Don’t forget to include costs such as Christmas, birthdays and even holidays if you’re committed to going away occasionally – although these aren’t regular costs, they can be considerable and certainly pile up before we realise how much we’ve spent. Estimate a monthly average that all of these costs equal out at, and add this to your budget. If these push you close to the line of being able to afford the property you want, have a closer look at where you get your money’s worth and where you may just be throwing money away (we all know how much we millennials apparently spend on avocado toast and takeaway coffee every day!).



One of the more overlooked expenses, especially for rented properties, is contents insurance. Whilst your landlord will have the necessary buildings and landlord insurance to cover the property itself, you should obtain contents insurance for any personal belongings in the property. If you’re moving away from your parents for the first time, you may find that their home insurance can be stretched to include some of your belongings in a rented property.
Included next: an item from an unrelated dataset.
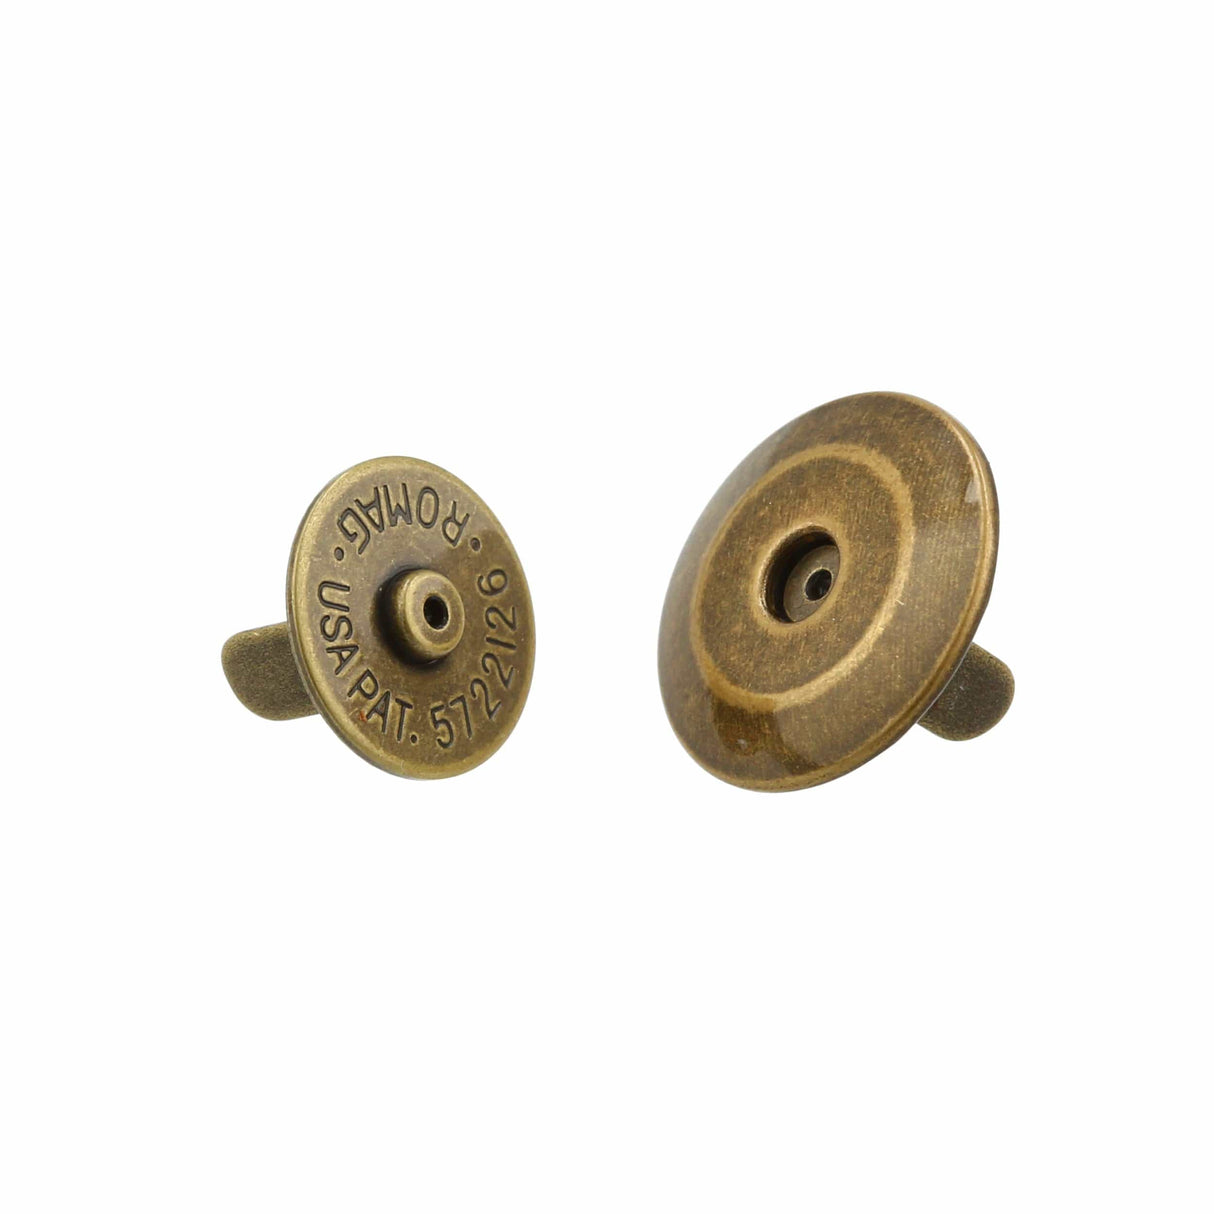 Brass Fasteners Manufacturers and Suppliers in the USA
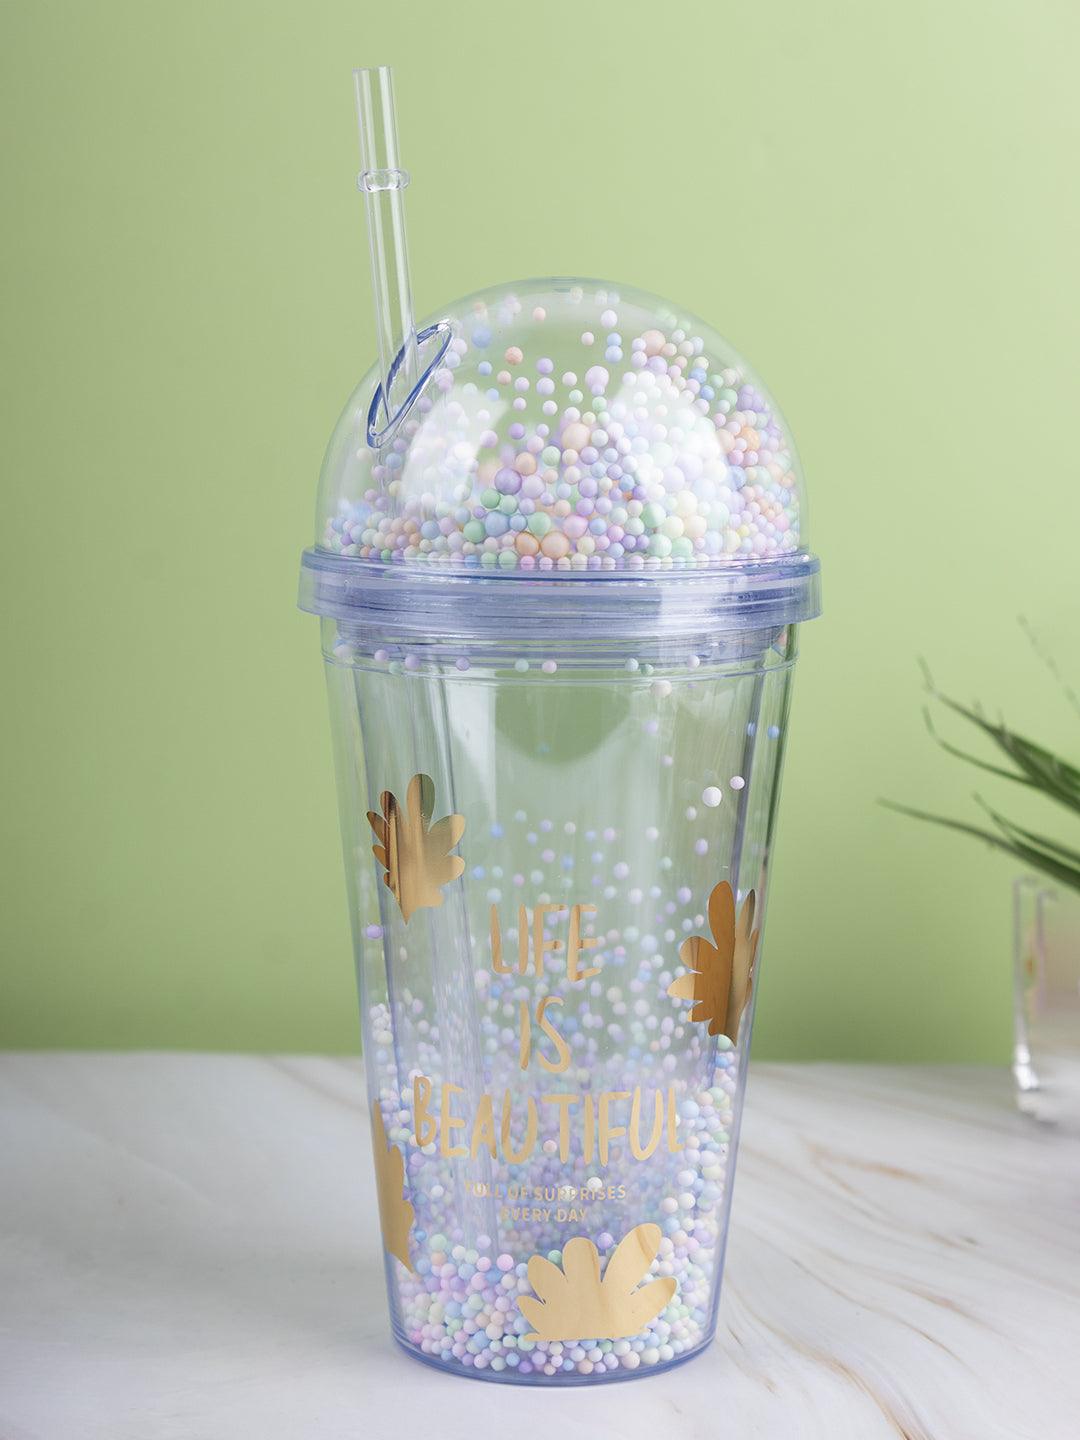 Polystyrene , Sipper With Straw 450 Ml, Colorfull Thermacol Balls, Glossy : Finish, Multicolor - MARKET 99

Cover will vary with each provider, so commit an evening to comparing the best deals for your circumstances, and don’t delay – it’s still an essential expense.



Although nobody likes to think about emergencies, the sooner you are able to put a little aside each month as a safety net, the more financially secure you will start to feel. Whether it’s for a car break-down, an unforeseen trip, an unplanned vet expense, or even a global pandemic throwing the whole world on its head – it pays to be a little prepared, and any additions you can make to this fund after your committed expenses will be a benefit.



Once you’ve addressed all of the above that are relevant to you and your property, then you should have an idea of how your finances will look each month and whether you can afford the property you’re looking at. If you’re close to the line, it’s worth looking at something less expensive to relieve a little of the financial pressure to wholeheartedly stick to your budget every day. We all need a little breathing space!


Much like keeping your CV up to date, we recommend keeping on top of your budgeting even once you’ve become familiar with your monthly outgoings, as things can always change and it’s so valuable to have an up-to-date record of where you have wriggle room and where you don’t.